Мы с мамой подняли оглобли бабушкиной садовой тележки, на которую положили наши вещи, полмешка картошки из бабушкиного погреба, и тоже покатили тележку и пошли в том направлении, куда двигались все. Никогда не забуду чувства, пронзившего меня на первых же шагах: всегда приходилось идти куда-то, к какой-то цели, а теперь мы шли в никуда, в неизвестность, просто в пространство, первая же ночь будет для нас уже не под крышей и в постелях, а под открытым небом и неизвестно на чем…
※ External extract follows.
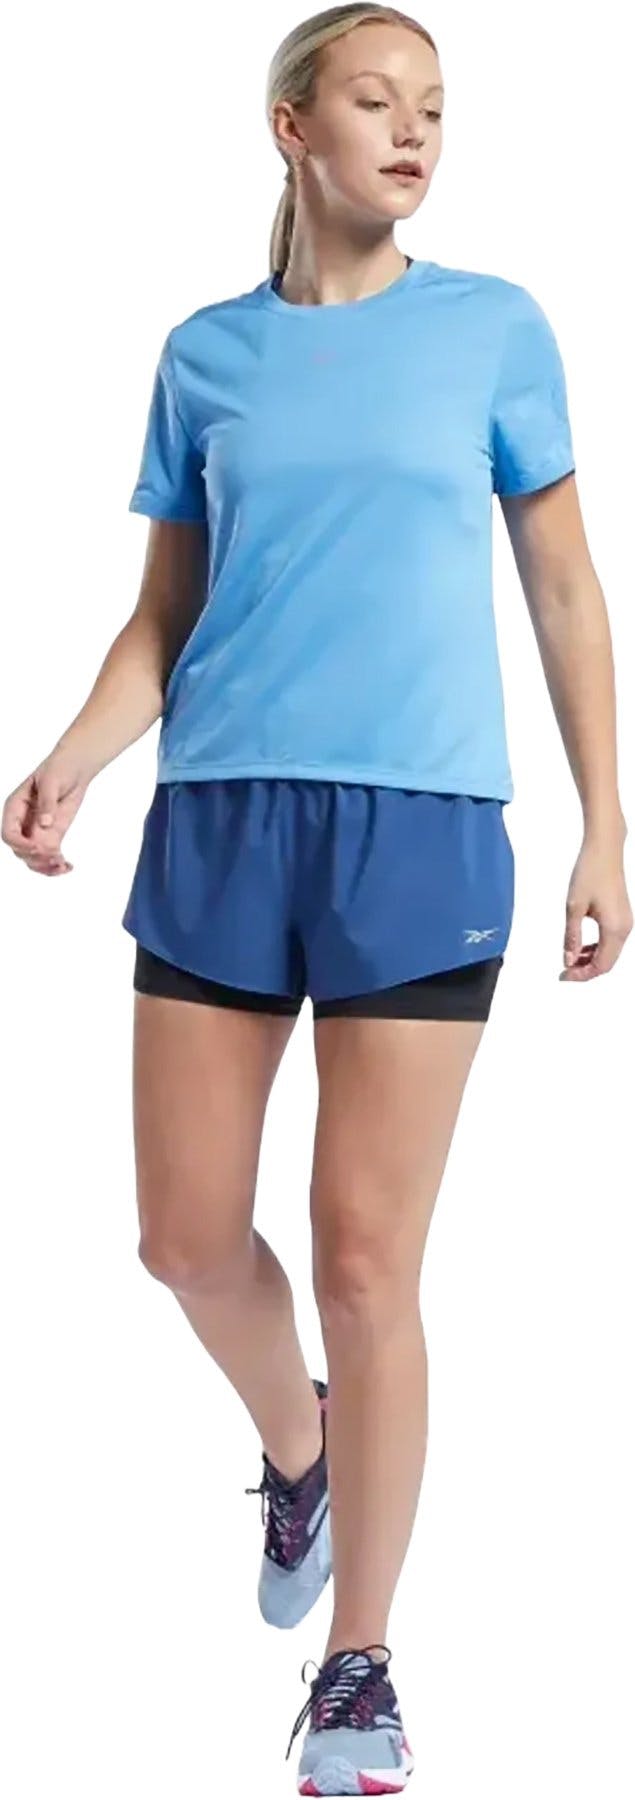 Product image for Workout Ready Run Speedwick T-shirt - Women's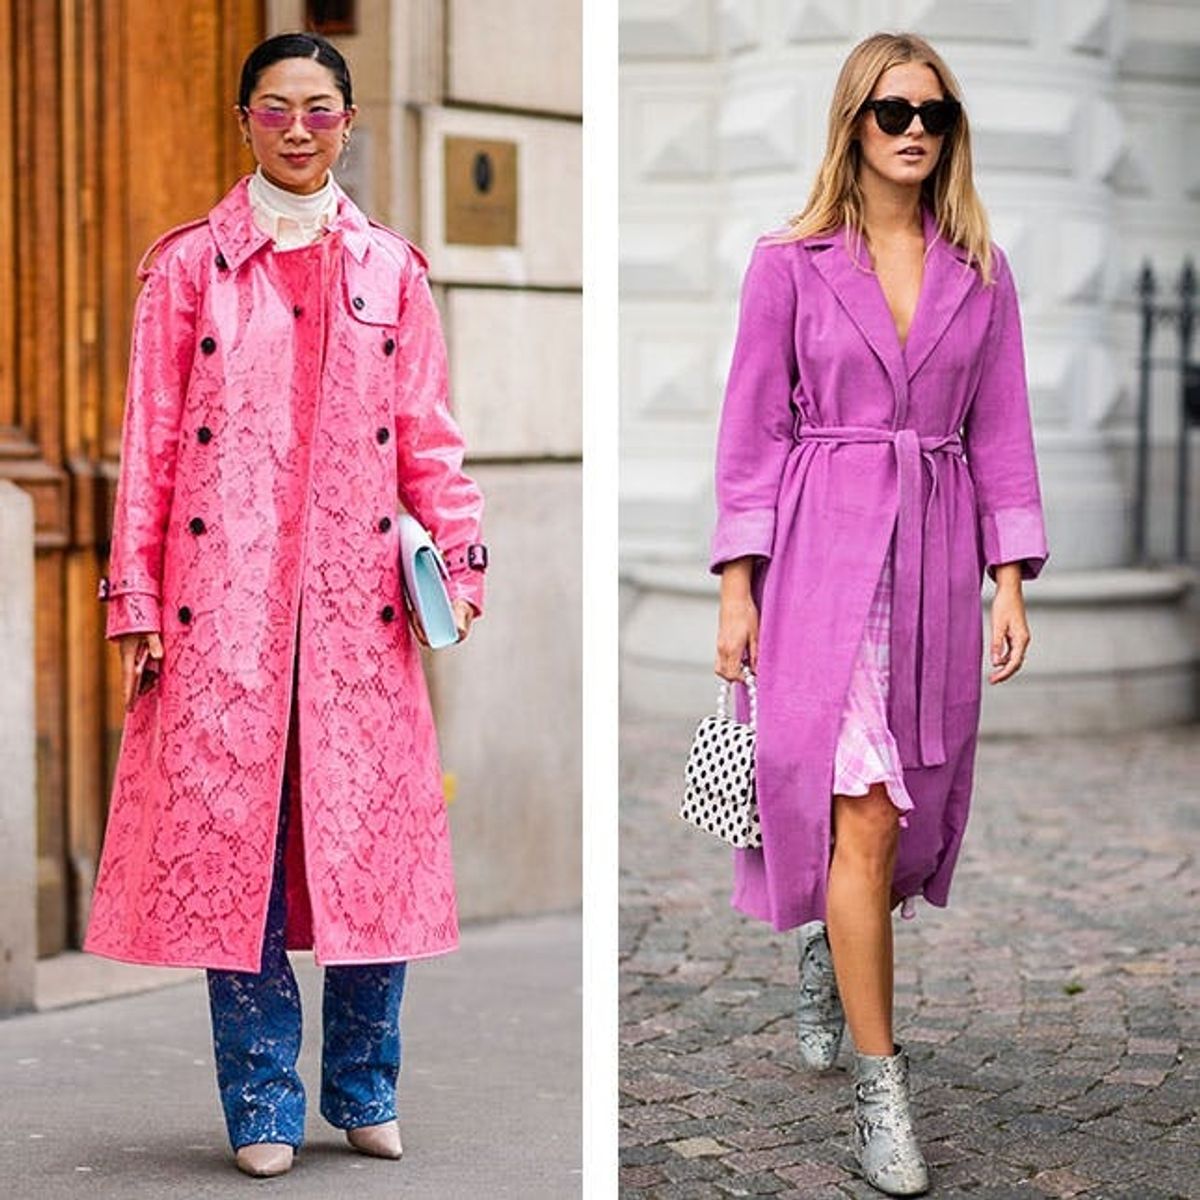 The Top Fashion Trends to Know in 2019

Из всех переулков и боковых улиц, как ручейки, на большие улицы выливались люди, соединяясь в широкие потоки. Эти потоки становились все гуще, такое количество народа на улицах я видела только в дни демонстраций. Было даже удивительно, что в городе, до того – безлюдном, попрятавшемся, забившемся в укрытия, столько жителей, что столько горожан не успело уйти с нашими отступающими войсками. Не знаю, есть ли точная цифра, сколько людей обратили немцы в изгнанников, но в потоке бредущих горожан и без всяких цифр было видно, какая огромная масса народа отдана бедствию. Те, кто пережил это, сейчас говорят – двести пятьдесят тысяч. Четверть миллиона… Думаю, цифра эта соответствует правде…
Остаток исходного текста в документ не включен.